• Prompt:
Among the entries below, retype exactly the lines starting with the one with "HEA Hoppers - Post" and going on through the one with "The signet ring", but not the pictures.

• Material supplied:
━━━━━━━━━━

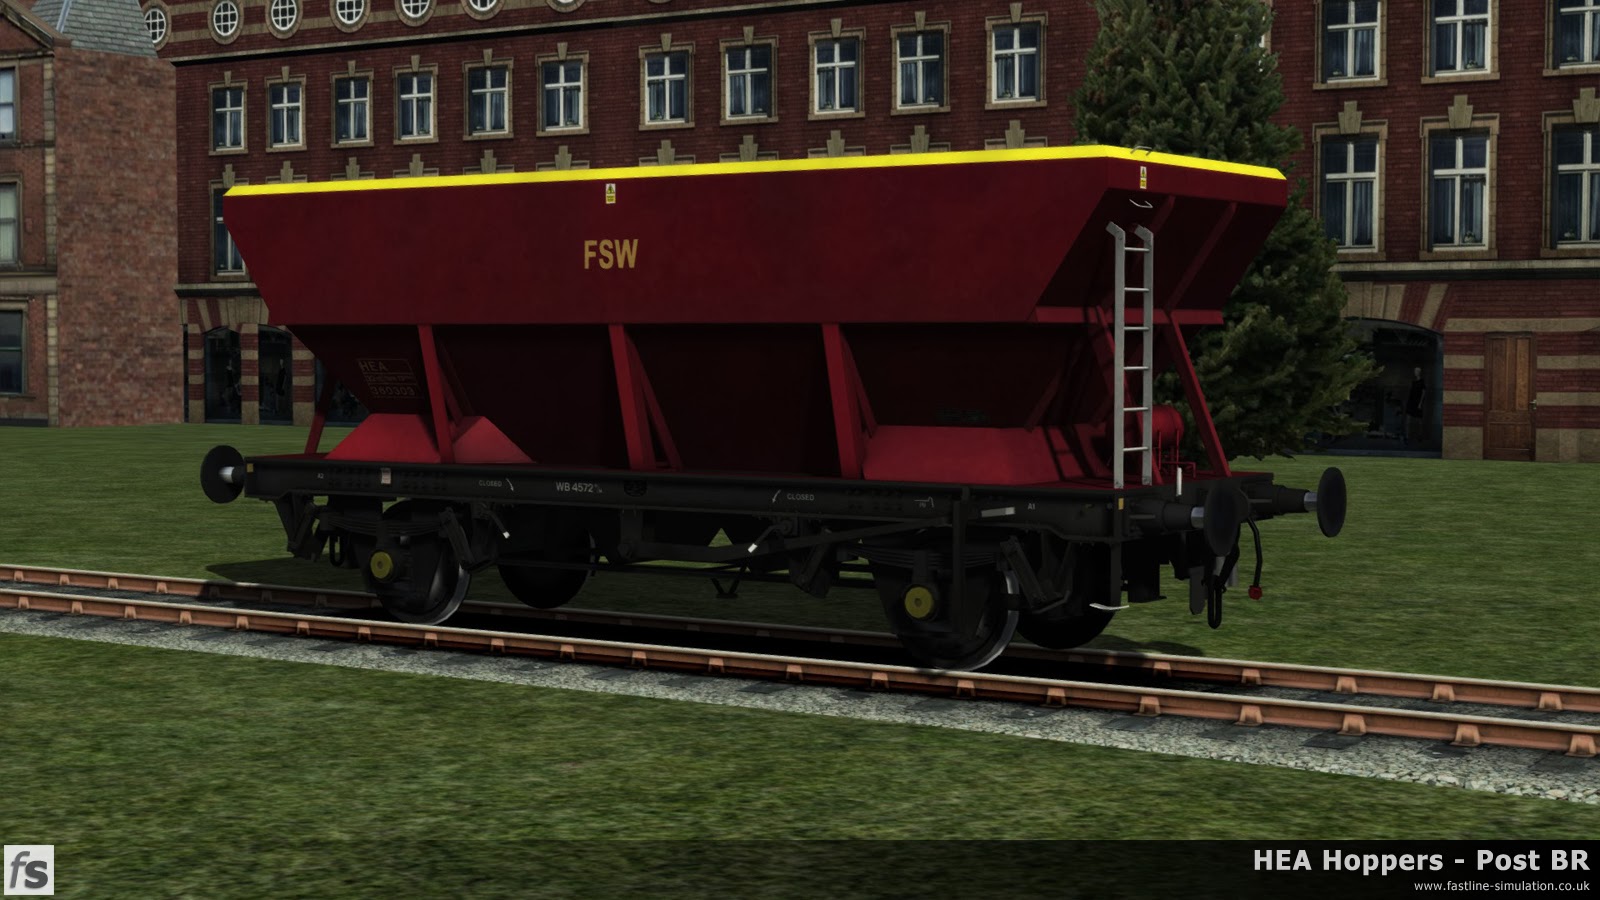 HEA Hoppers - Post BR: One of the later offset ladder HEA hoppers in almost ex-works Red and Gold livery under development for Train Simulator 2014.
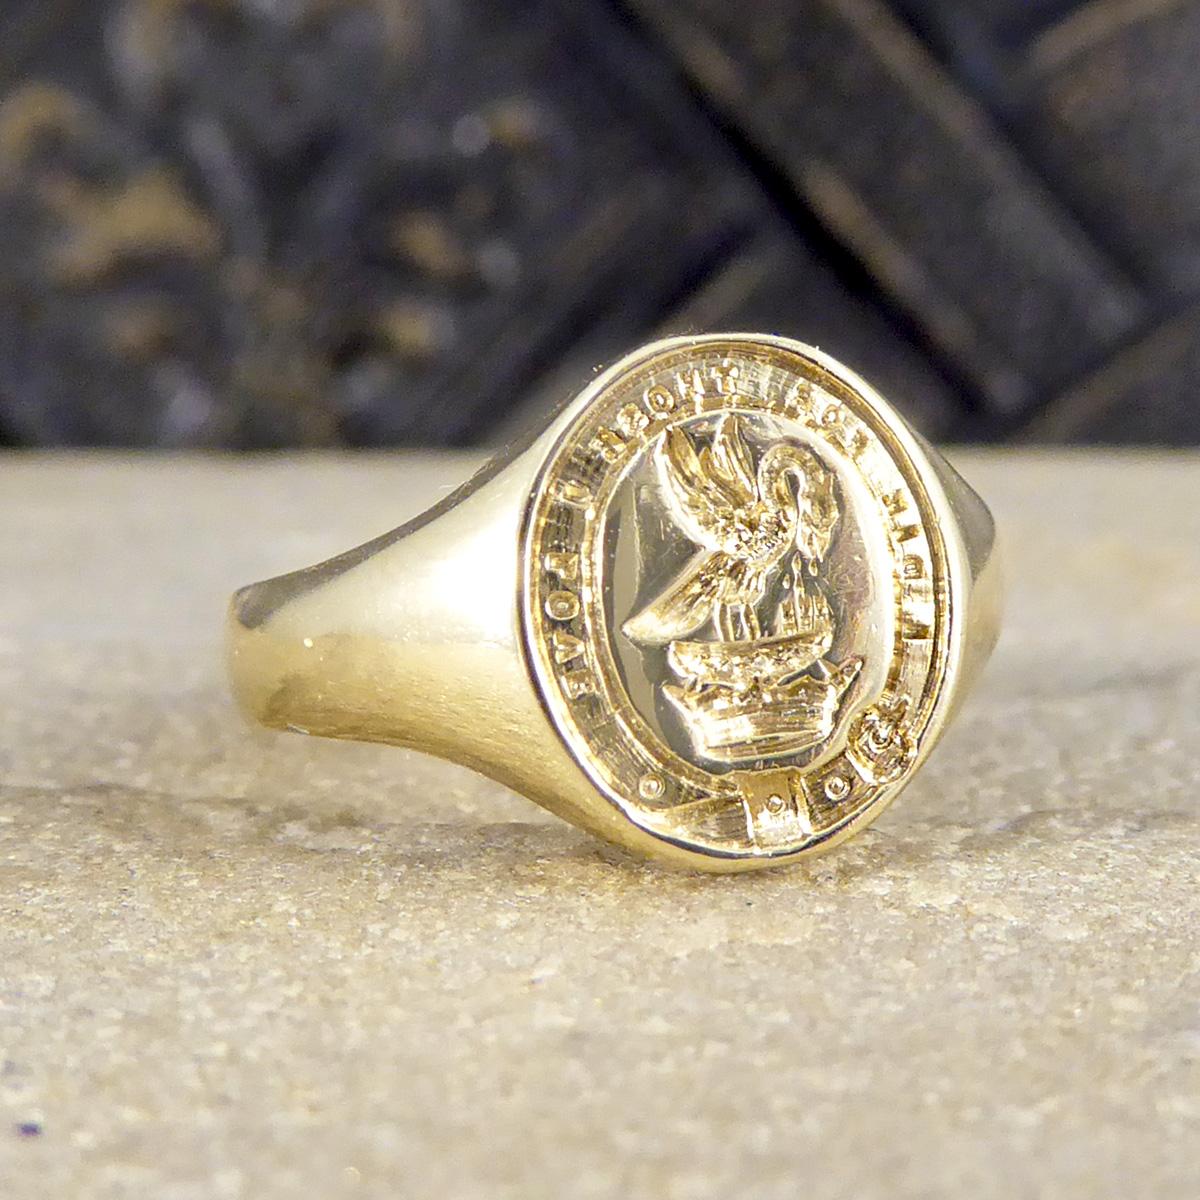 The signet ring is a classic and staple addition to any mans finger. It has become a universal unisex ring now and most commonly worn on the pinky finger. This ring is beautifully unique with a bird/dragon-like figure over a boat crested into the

━━━━━━━━━━

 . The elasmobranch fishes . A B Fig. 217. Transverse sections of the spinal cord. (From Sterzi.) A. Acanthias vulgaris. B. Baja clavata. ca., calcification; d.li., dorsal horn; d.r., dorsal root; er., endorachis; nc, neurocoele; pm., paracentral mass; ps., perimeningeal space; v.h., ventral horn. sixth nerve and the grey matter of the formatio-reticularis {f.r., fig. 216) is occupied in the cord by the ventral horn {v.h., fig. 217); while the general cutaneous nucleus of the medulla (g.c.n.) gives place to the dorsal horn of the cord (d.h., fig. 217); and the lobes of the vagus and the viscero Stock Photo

━━━━━━━━━━

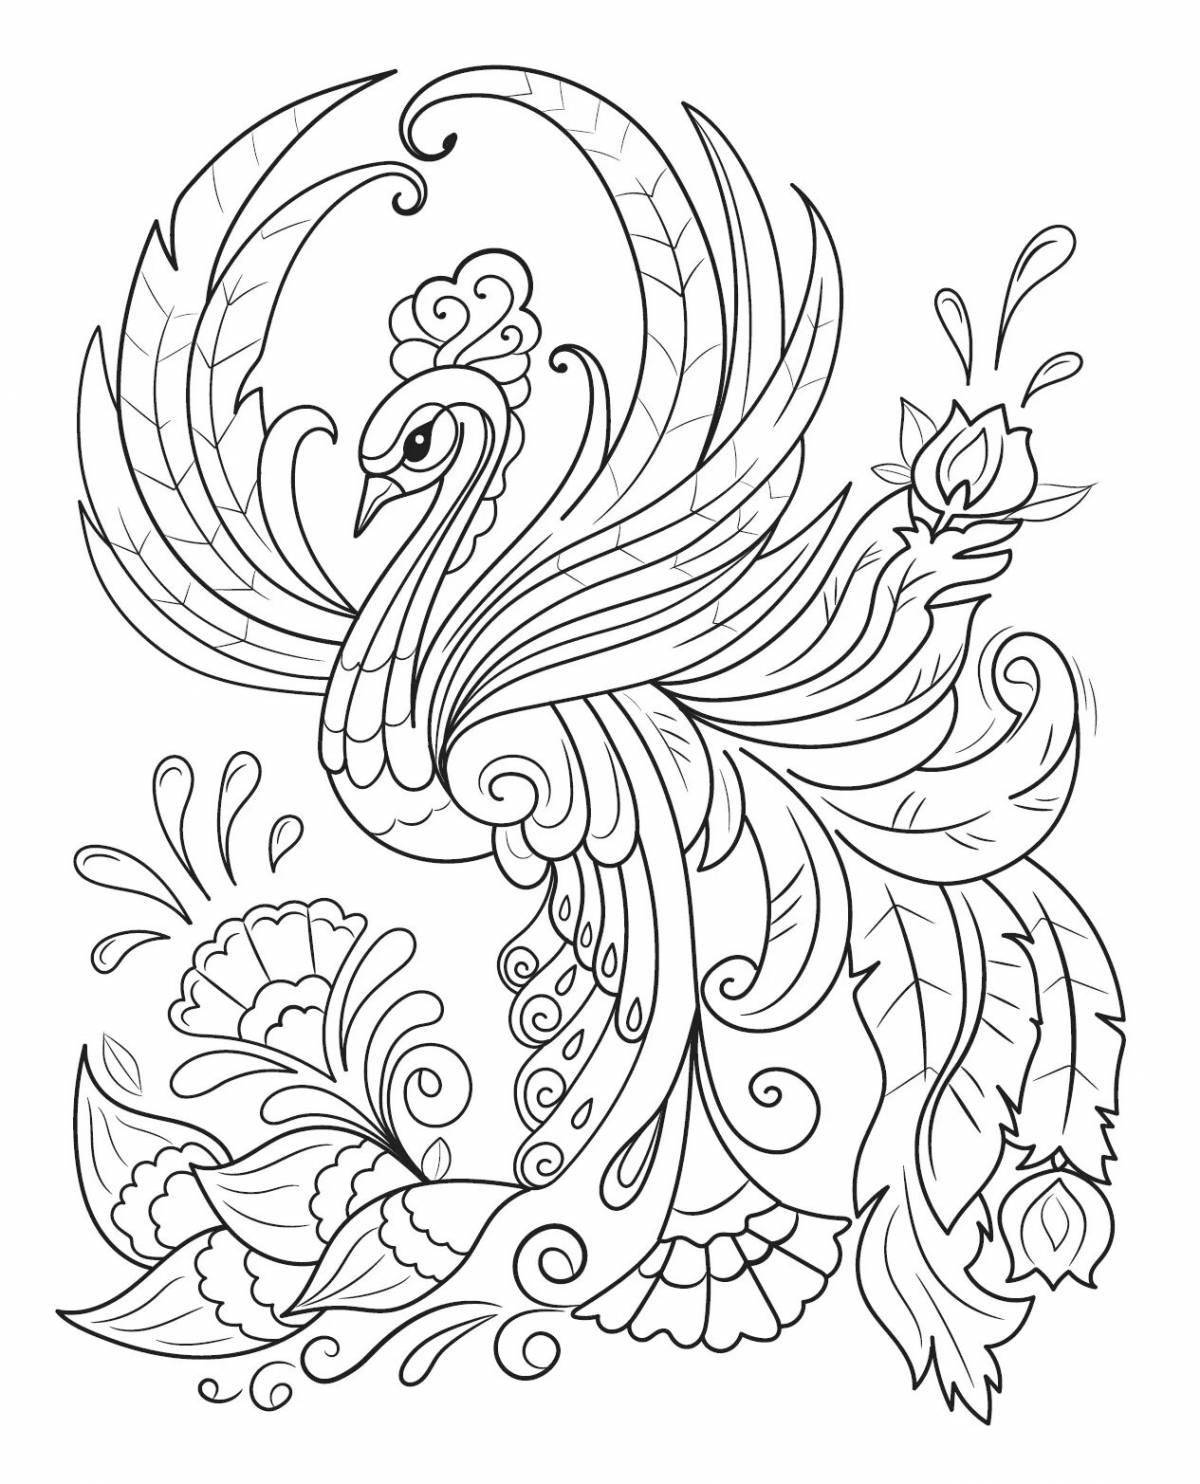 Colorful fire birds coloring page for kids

━━━━━━━━━━

• Solution for this task:
 HEA Hoppers - Post BR: One of the later offset ladder HEA hoppers in almost ex-works Red and Gold livery under development for Train Simulator 2014.
 The signet ring is a classic and staple addition to any mans finger. It has become a universal unisex ring now and most commonly worn on the pinky finger. This ring is beautifully unique with a bird/dragon-like figure over a boat crested into the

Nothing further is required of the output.